# SOURCE DATA
[Start of Attachment]

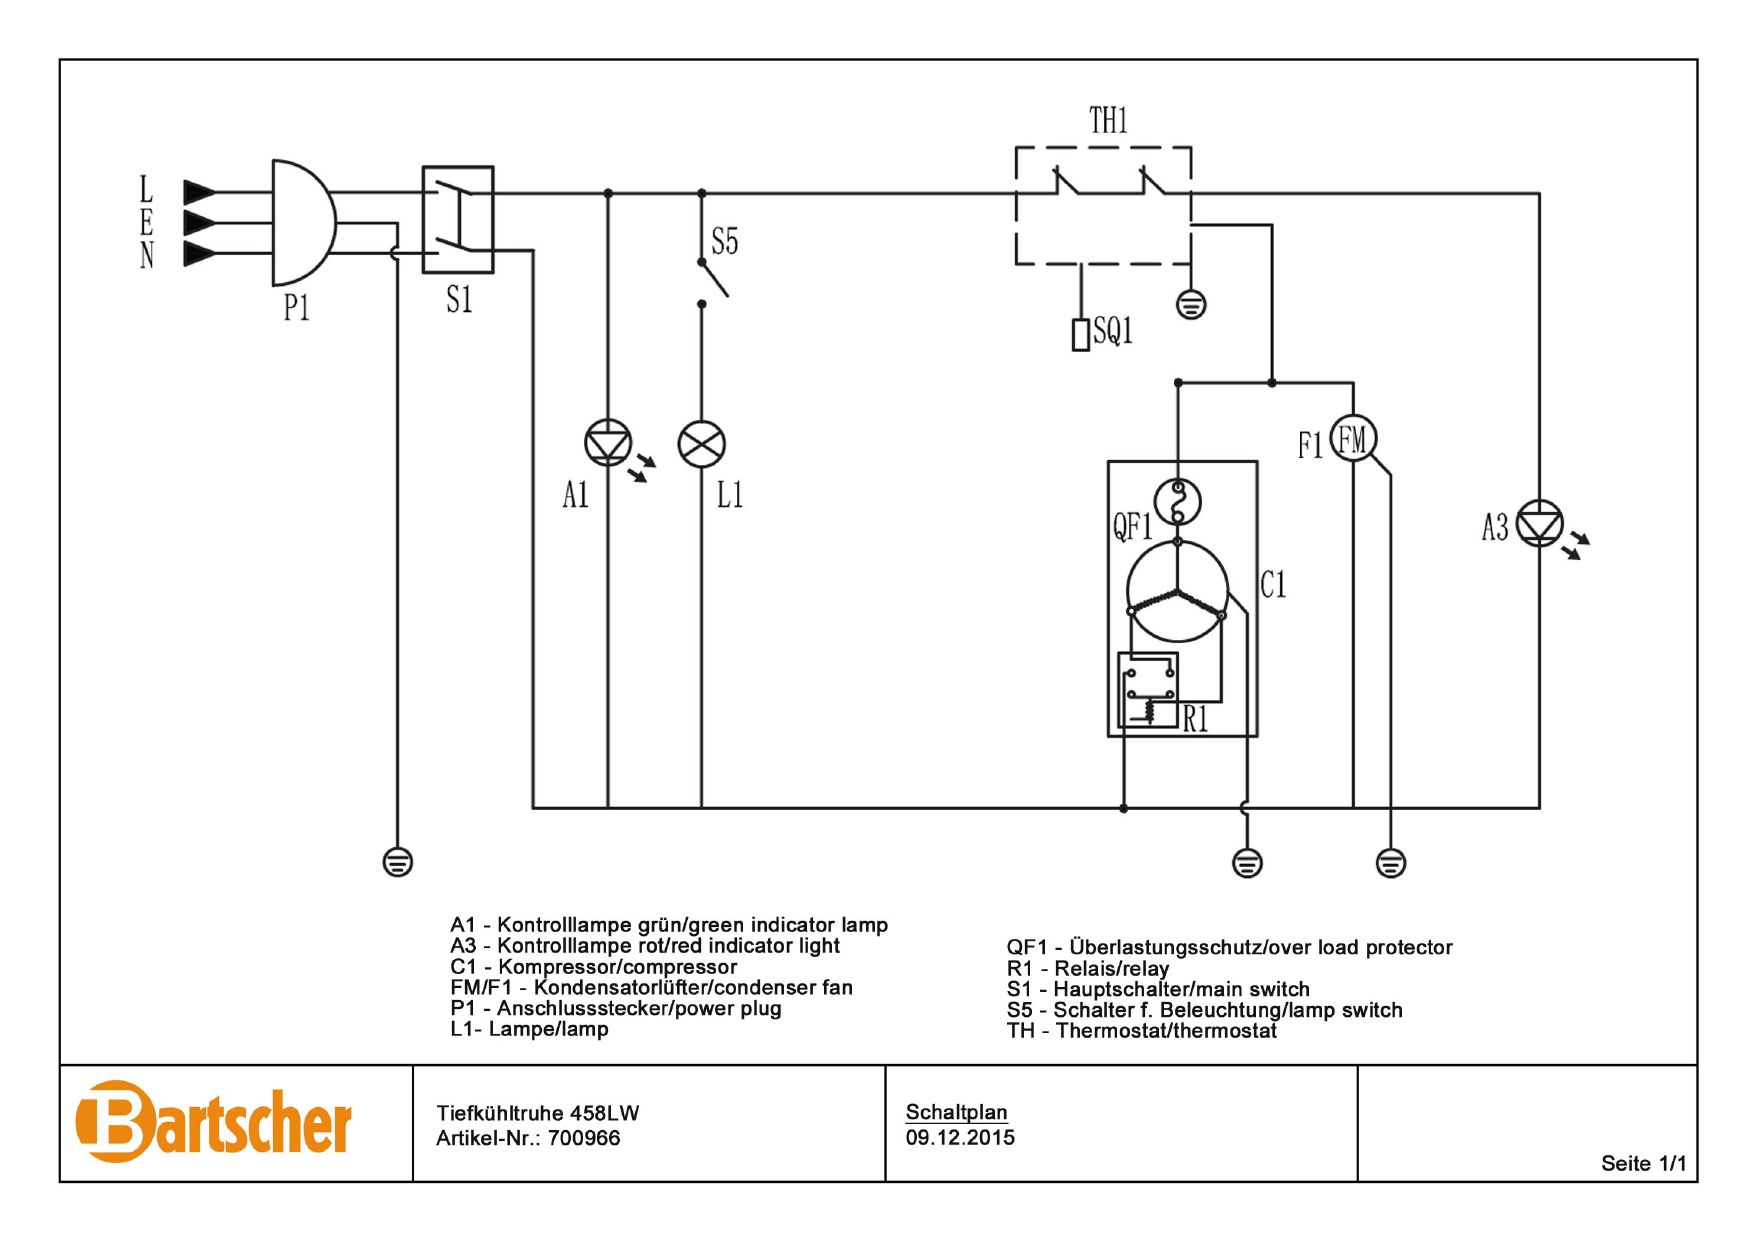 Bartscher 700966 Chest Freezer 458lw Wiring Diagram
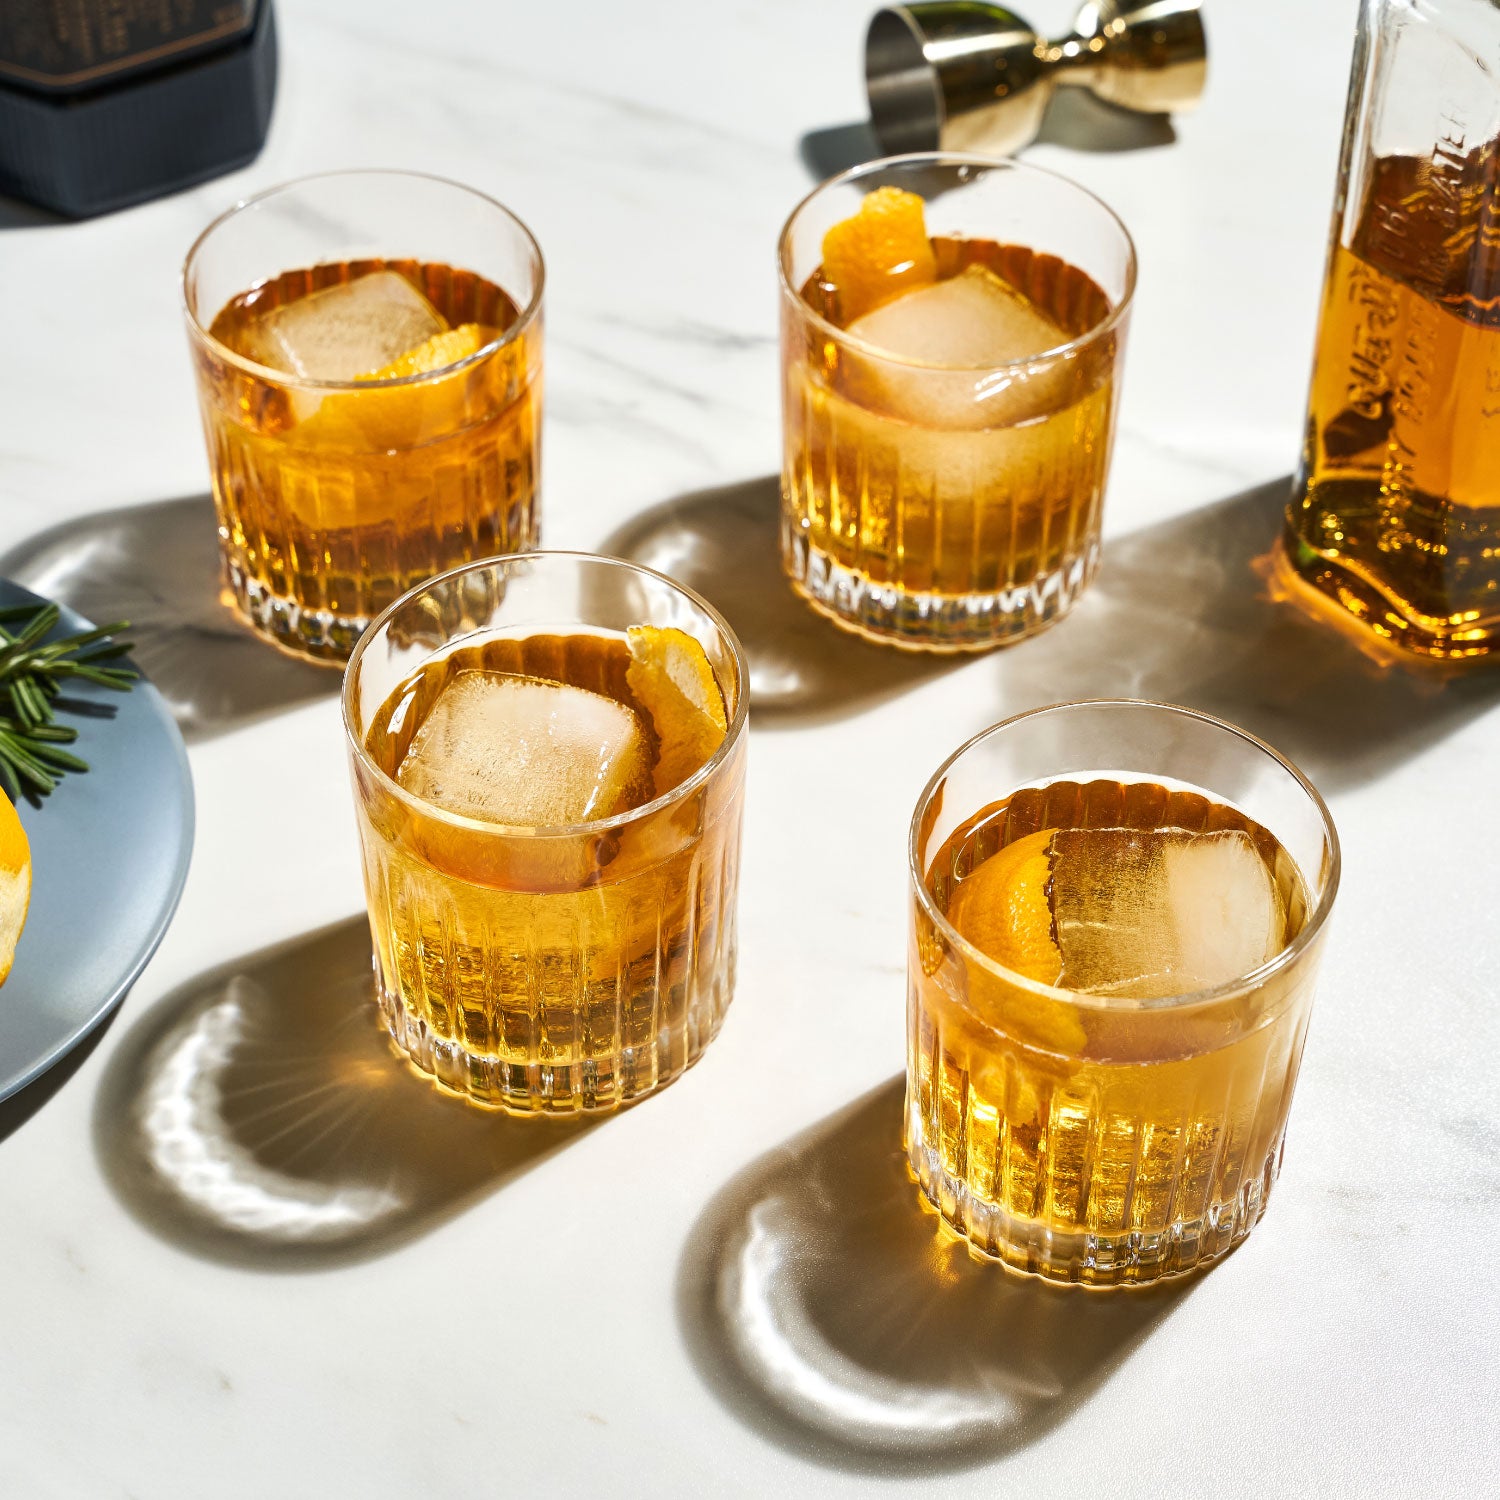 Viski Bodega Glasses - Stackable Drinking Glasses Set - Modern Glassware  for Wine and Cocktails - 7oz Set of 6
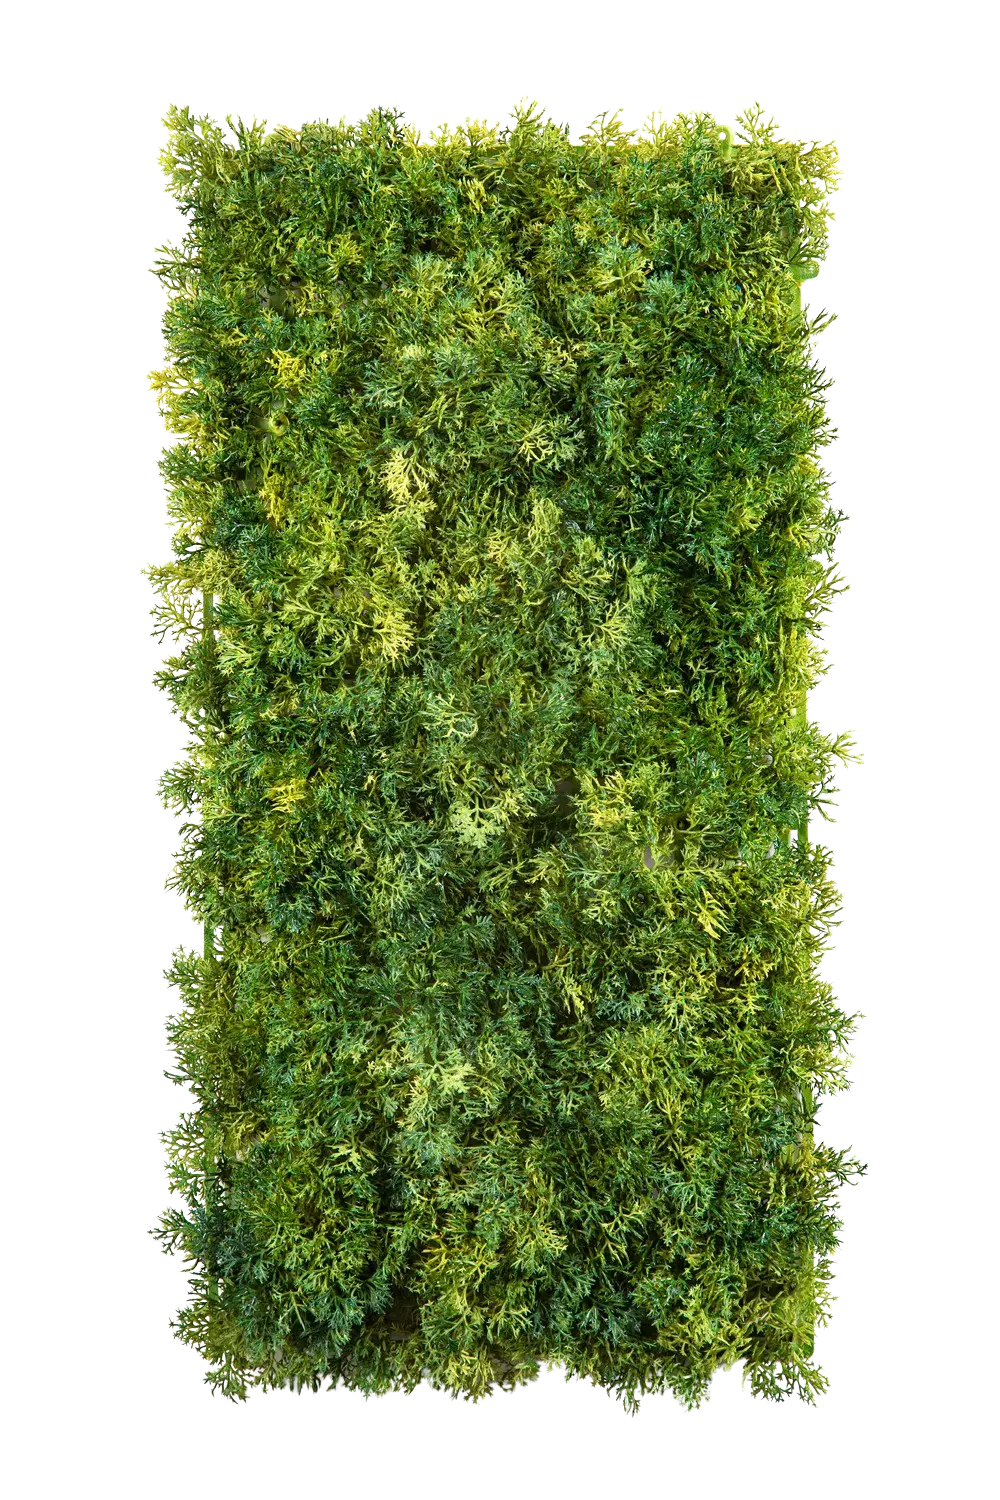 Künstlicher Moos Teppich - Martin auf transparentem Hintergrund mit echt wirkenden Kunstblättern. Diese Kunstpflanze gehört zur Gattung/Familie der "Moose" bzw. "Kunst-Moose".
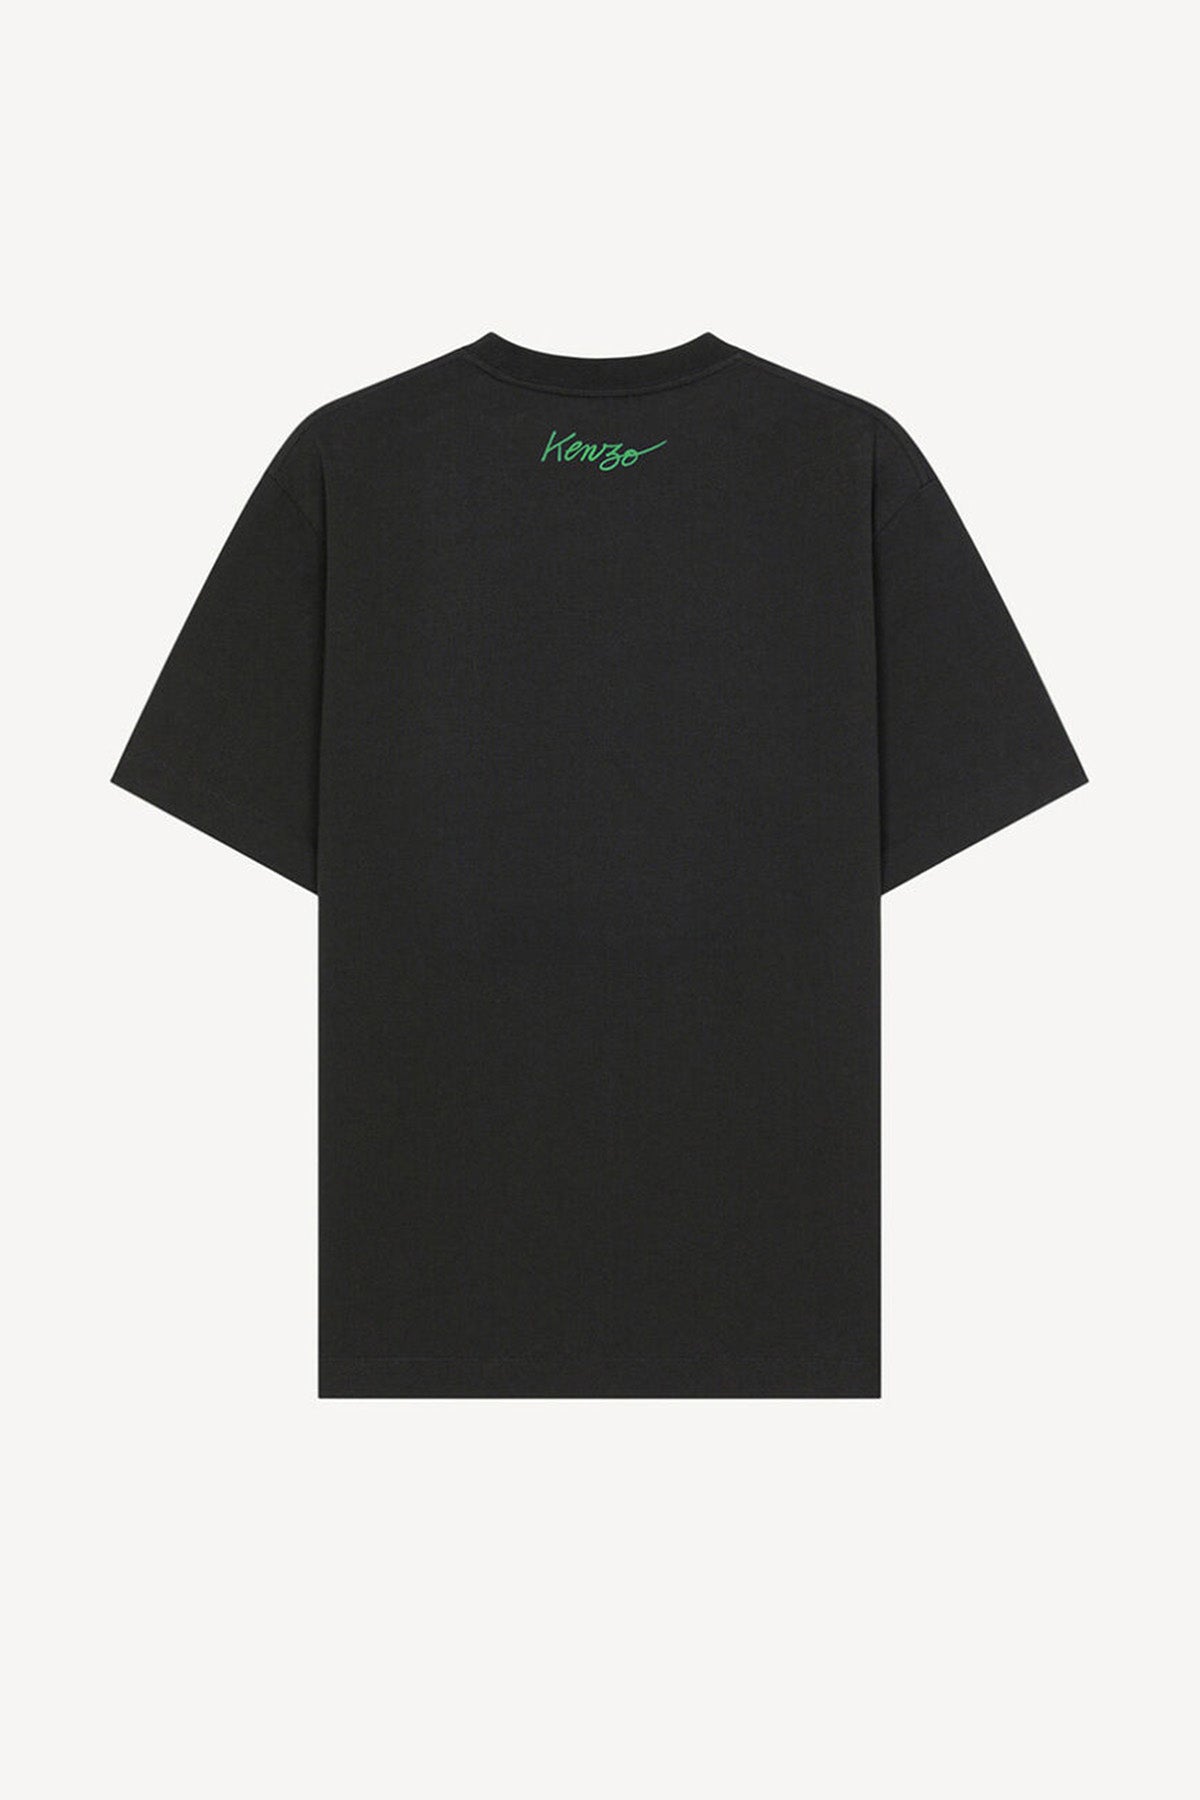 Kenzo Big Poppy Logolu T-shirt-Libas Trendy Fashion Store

[End of Attachment]

# TASK PROMPT
Copy each line above exactly, with no images.

# EXERCISE RESPONSE
 Bartscher 700966 Chest Freezer 458lw Wiring Diagram
 Viski Bodega Glasses - Stackable Drinking Glasses Set - Modern Glassware  for Wine and Cocktails - 7oz Set of 6
 Künstlicher Moos Teppich - Martin auf transparentem Hintergrund mit echt wirkenden Kunstblättern. Diese Kunstpflanze gehört zur Gattung/Familie der "Moose" bzw. "Kunst-Moose".
 Kenzo Big Poppy Logolu T-shirt-Libas Trendy Fashion Store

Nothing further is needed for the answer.